The outlined process is applicable for identifying and exploiting various web cache poisoning vulnerabilities. Such vulnerabilities can stem from general flaws in cache design or unexpected quirks introduced by the implementation of a specific website's cache.

The subsequent sections will cover the most typical instances of these scenarios, along with interactive labs that illustrate these vulnerabilities and how to exploit them.

How to Prevent

Web cache poisoning can be prevented by disabling caching, which is the most effective method, but may not always be feasible for all websites. For instance, if you adopted a Content Delivery Network (CDN) that has caching enabled by default, you might consider evaluating whether this option suits your website's requirements.

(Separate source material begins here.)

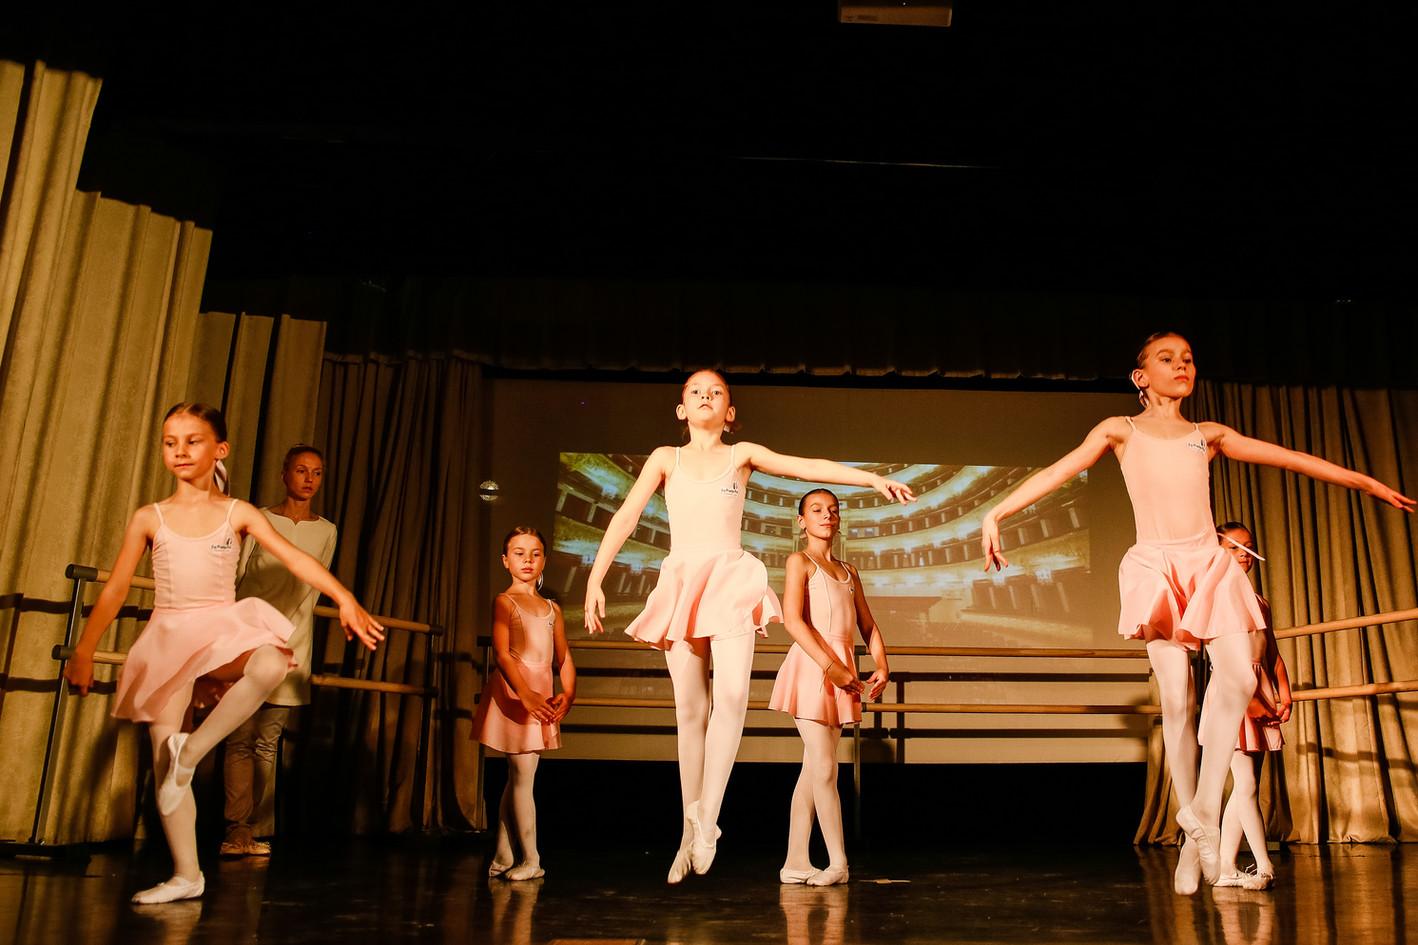 Le Premier Pas Балерины прыжок

Limiting caching to purely static responses can be another effective approach to prevent web cache poisoning. However, you must be careful about what you define as static, and ensure that attackers cannot trick the main server into fetching their malicious version of a static resource instead of the authentic one.

Third-party technologies are common in web development, and although you may have a robust internal security posture, you still rely on the security of third-party technology developers. Therefore, it is crucial to understand the security implications of any third-party technology before integrating it, as it may expose vulnerabilities that attackers can exploit.

In the case of web cache poisoning, you should assess which headers are supported by your CDN and disable any unnecessary ones, as attackers can manipulate obscure request headers to expose vulnerabilities. Excluding something from the cache key for performance reasons is not recommended, and instead, you should rewrite the request. You should also avoid accepting large GET requests and fix client-side vulnerabilities, as they may become exploitable due to unpredictable quirks in cache behavior.

Overall, the prevention of web cache poisoning requires a thorough understanding of potential vulnerabilities and careful evaluation of caching options and third-party technologies used on your website.